Exercise prompt: Would you transcribe the whole listing exactly, minus its pictures?

Data extract:
• • • • •
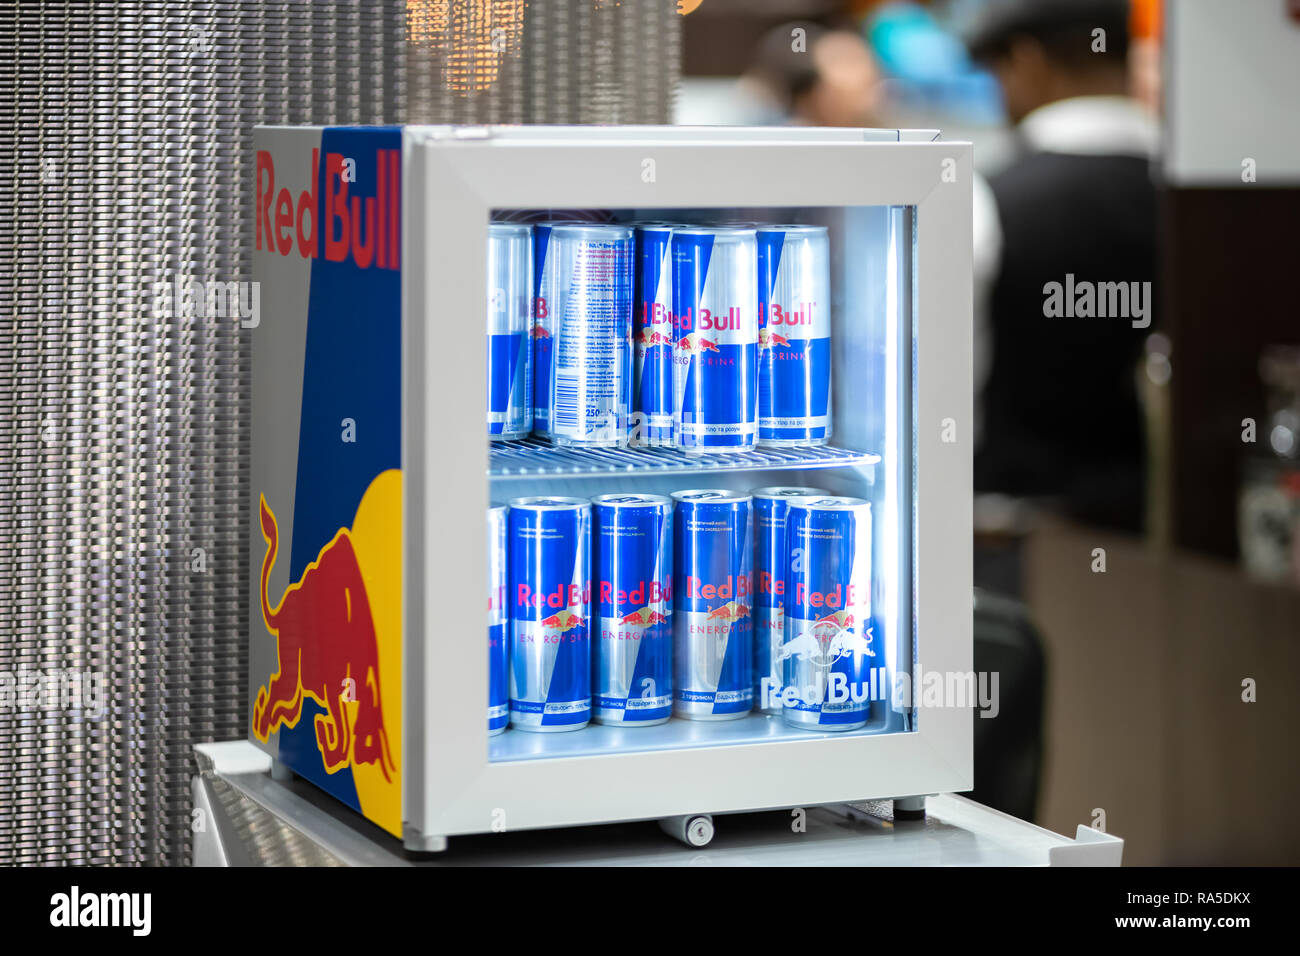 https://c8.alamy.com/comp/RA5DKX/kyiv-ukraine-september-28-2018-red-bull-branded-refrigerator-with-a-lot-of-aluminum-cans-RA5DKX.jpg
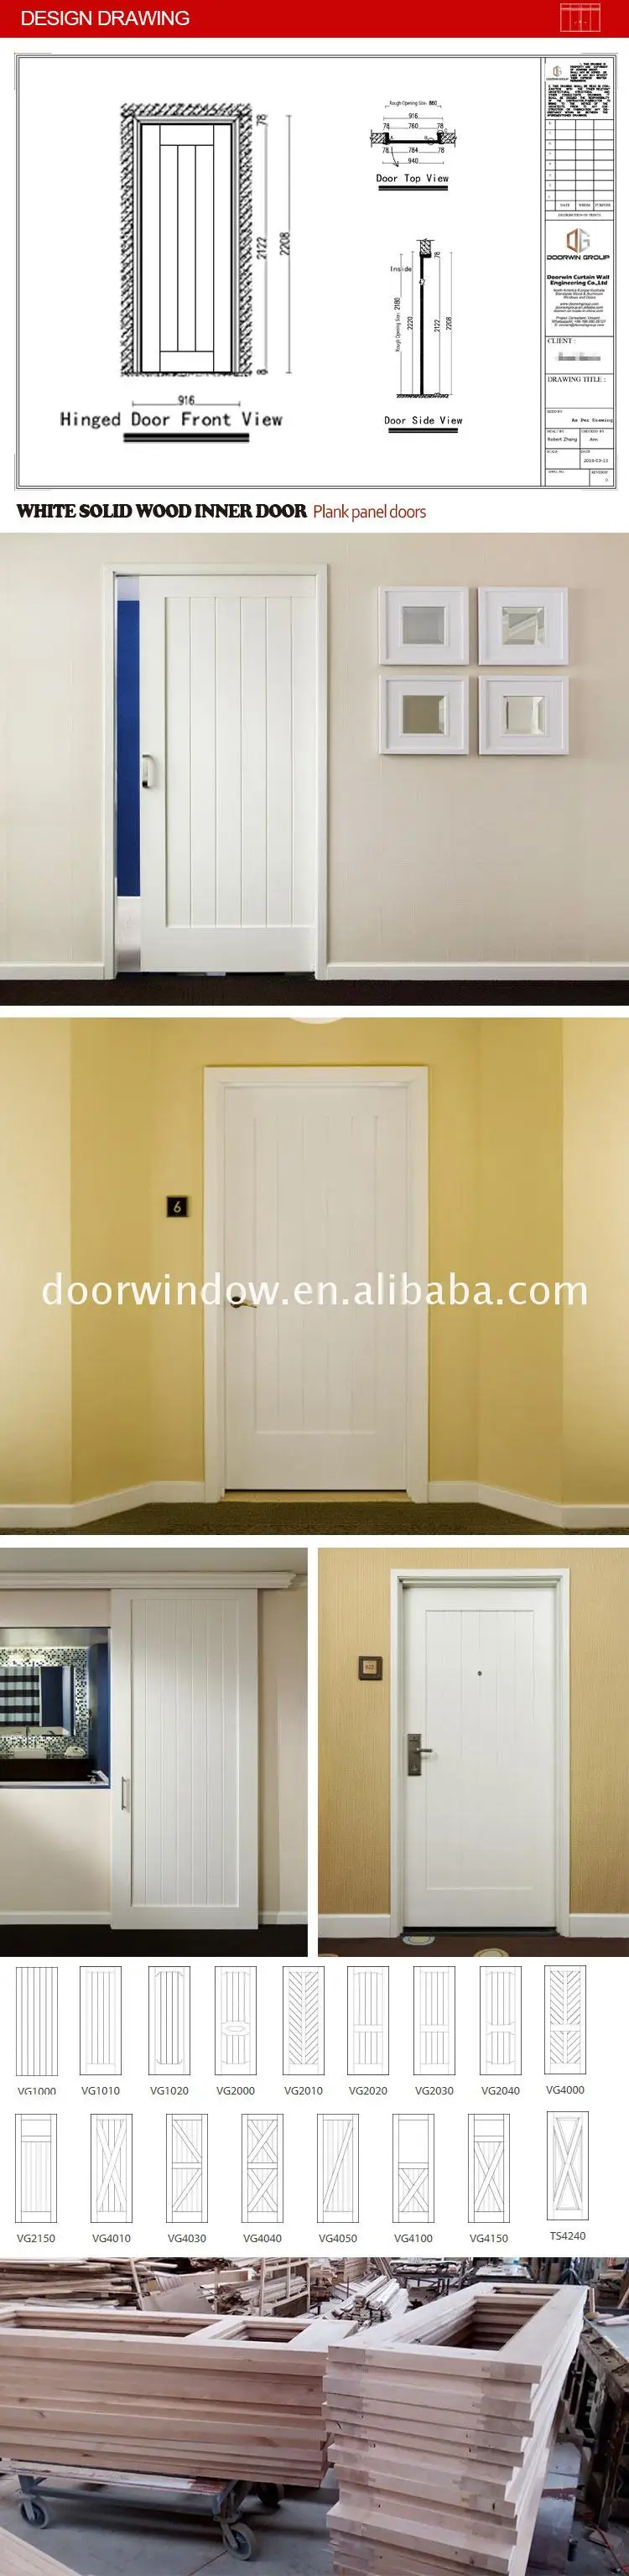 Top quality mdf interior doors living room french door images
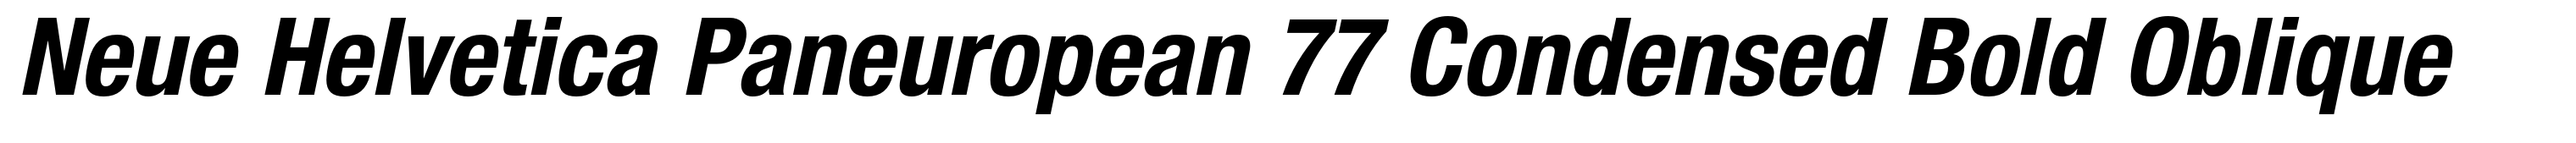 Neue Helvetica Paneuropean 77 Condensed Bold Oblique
• • • • •
Exercise response:
 https://c8.alamy.com/comp/RA5DKX/kyiv-ukraine-september-28-2018-red-bull-branded-refrigerator-with-a-lot-of-aluminum-cans-RA5DKX.jpg
 Top quality mdf interior doors living room french door images
 Neue Helvetica Paneuropean 77 Condensed Bold Oblique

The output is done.